Und sonst? Kessing räumte ein, dass die Leichtathletik im Schulsport "an Boden verloren" habe, auch die DLV-Mitgliederzahlen sanken zuletzt um 17 000 auf 798 000 - bei seinem Amtsantritt hatte Kessing noch die Eine-Millionen-Marke angepeilt. Mara Konjer, die neue Vizepräsidentin im frisch geschaffenen Ressort Sportentwicklung, habilitiert an der Universität Münster passenderweise auch zu manch drängendem Thema, wie Mitgliederentwicklung und Schulsport.

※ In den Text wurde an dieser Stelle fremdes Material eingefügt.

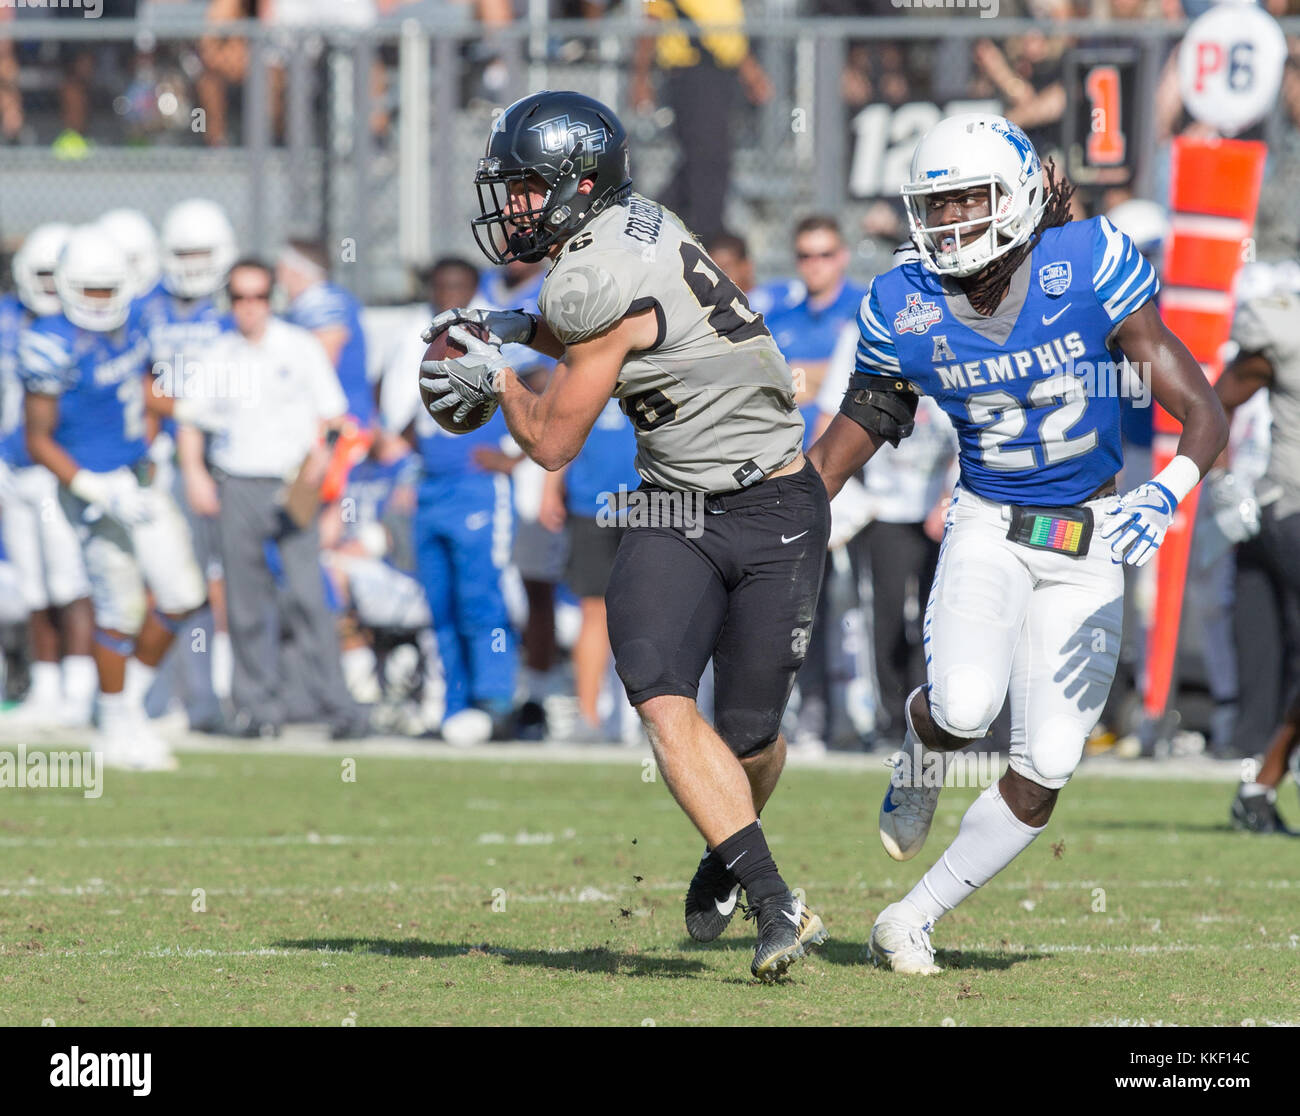 Orlando, FL, USA. 2nd Dec, 2017. UCF TE Michael Colubiale #86 hauls in a pass during during the AAC Championship football game between the UCF Knights and the Memphis Tigers at the Spectrum Stadium in Orlando, FL. Kyle Okita/CSM/Alamy Live News Stock Photo

Man wolle sich auch, so Kessing, nach der EM im kommenden Jahr in München wieder um Großveranstaltungen bemühen. Eine vollwertige WM ist dem Vernehmen nach aber fürs Erste kein Thema, schon eher eine Halbmarathon-WM oder eine Nachwuchs-EM, für jene Zielgruppe also, in der sie im DLV nach wie vor viele Begabungen verlieren. Und noch eine Baustelle: Seit Helmut Digels Abtritt vor sechs Jahren stellt der DLV im Council des Weltverbands keinen Vertreter, Kessing war vor zwei Jahren mit seiner Bewerbung klar gescheitert. Demnächst wird er es wohl im Rat des Europaverbandes EAA probieren, dort, wo der kürzlich verstorbene Frank Hensel über Jahre eine starke deutsche Präsenz war.

Kessing rückte am Wochenende aber erst mal noch das nahende Großevent in den Fokus: Er setzte einen "kräftigen Appell" an die Politik ab, die deutschen Olympiakandidaten für die Spiele in Tokio bald zu impfen - sonst werde deren Vorbereitung noch empfindlicher gestört als ohnehin.